After four years of accelerating startups, Founders Factory Africa is rebranding as 54 Collective, a VC firm with a $40 million fund to invest in early-stage African ventures across various sectors.

“Today, we are a VC firm with a $40m fund. Alongside that, we have $107 million that is backing our venture success platform. In total, if you add the $107 million and the $40 million fund, we are almost on the north of $150 million that we are managing in supporting startups and also making investments,” Bongani Sithole, CEO of 54 Collective, told TechCabal. 

Venture Capital inflows to African startups declined 31% in 2023 to $4.5 billion as foreign investors raced to the exits after the end of the zero-interest rate period. The number of deals through equity or debt decreased to 545 from a record 781 in 2022, according to a report by the London-based African Private Capital Association. Many investors have argued that local VCs with deep knowledge of the continent need to step up and fill the gap.

54 Collective joins a growing list of local investors like Partech that are stepping in to keep capital flowing to startups in Africa. 

While building Founders Factory Africa, Sithole realised why many tech companies fail after raising money from investors. They often take too long to set up a board; when some do, they see the board as a reporting structure rather than tapping into the advisory capabilities of the members. 

“We have seen too many examples that we are not going to mention. It has always been the case that they hire and spend so much money too quickly, and the obsession about products and customers takes a back seat,” Sithole said. 

54 Collective takes a board seat in the early-stage companies that it invests in to help mitigate business risks and allow startups to focus on what matters. It believes startups should be “obsessed” with building the product and growing the customer base; 54 Collective also helps its portfolio companies hire talents.

Founded by Roo Rogers, Sam Sturm and Alina Truhina, 54 Collective’s path to becoming a venture capital firm was defined by a mammoth $114 million capital raised from Mastercard Foundation and Johnson & Johnson Impact Ventures in 2023.

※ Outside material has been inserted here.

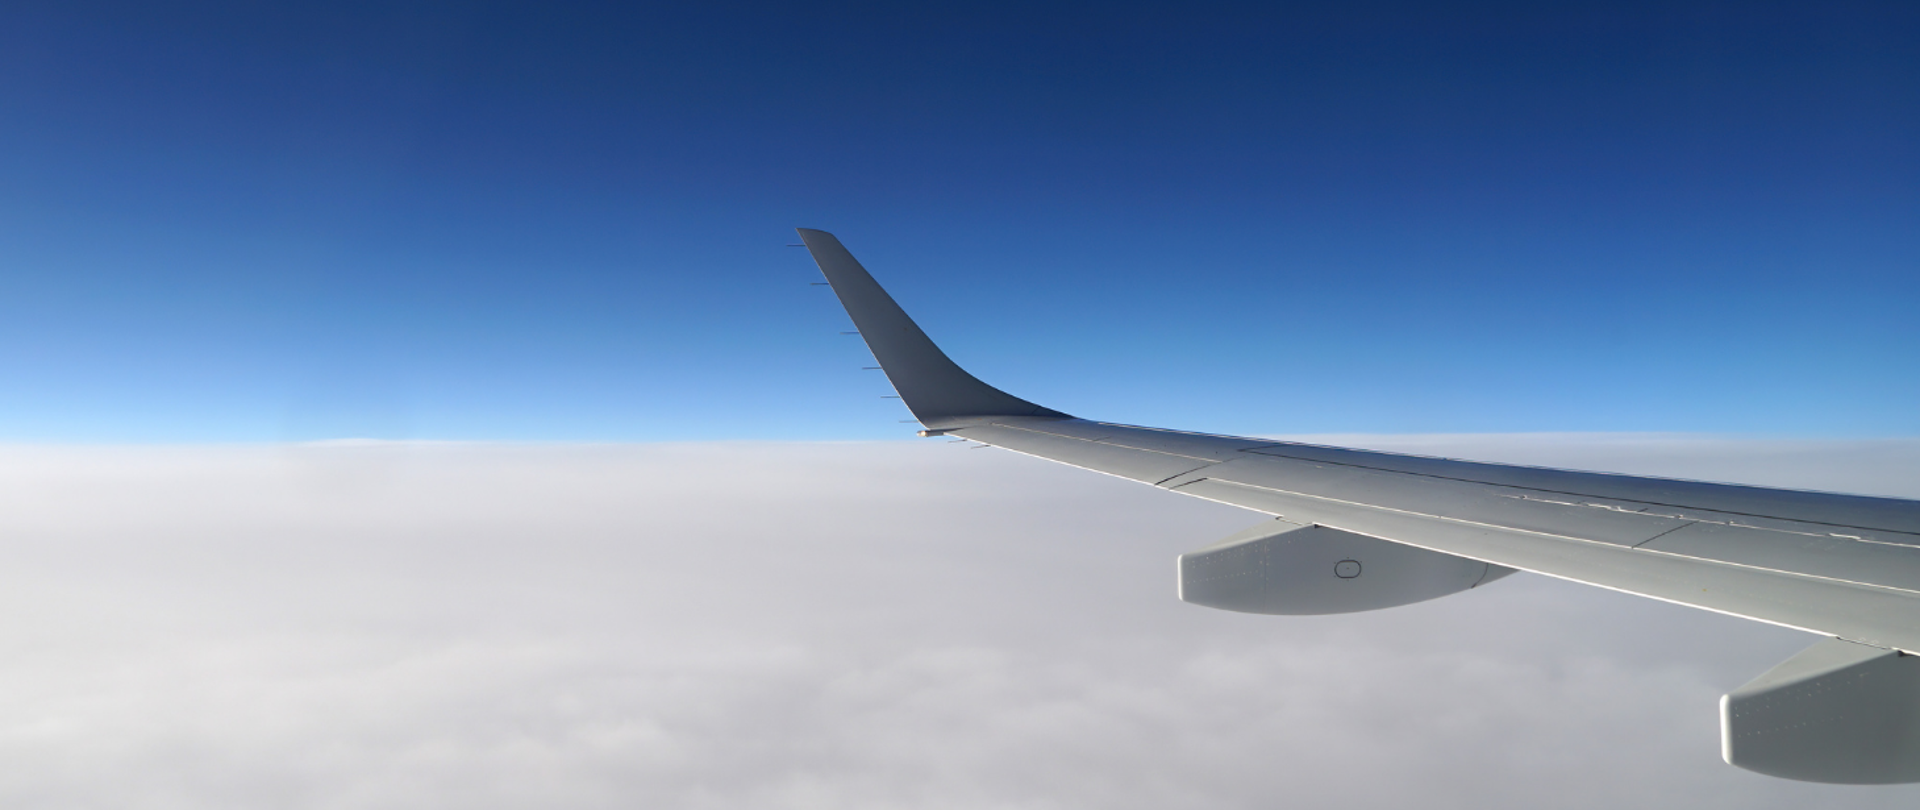 Skrzydło lecącego samolotu na tle chmur i błękitnego nieba

Although the company had said it would use the funding to expand its model to serve founders across the African tech ecosystem, becoming a full-fledged venture capital gives it more room to expand its scope and attract more investors. As an accelerator, its revenue model was limited. 

Becoming a venture capital firm allows the company to expand its revenue model. 54 Collective invests up to $250,000, depending on the business’s stage. It also provides non-dilutive capital of up to $150,000. Non-dilutive capital allows startups to retain full ownership of their company. In the case of 54 Collective, it is a loan charged at 5%. 

“In the next five years starting from last year, we want to invest in 105 venture-bankable startups. Per year, we are doing 21 businesses. By the end of this year, we will be at 42 startups. We are currently at 29 startups,” Sithole said. 

Editor’s note: This article has been updated to include the third co-founder of 54 Collective.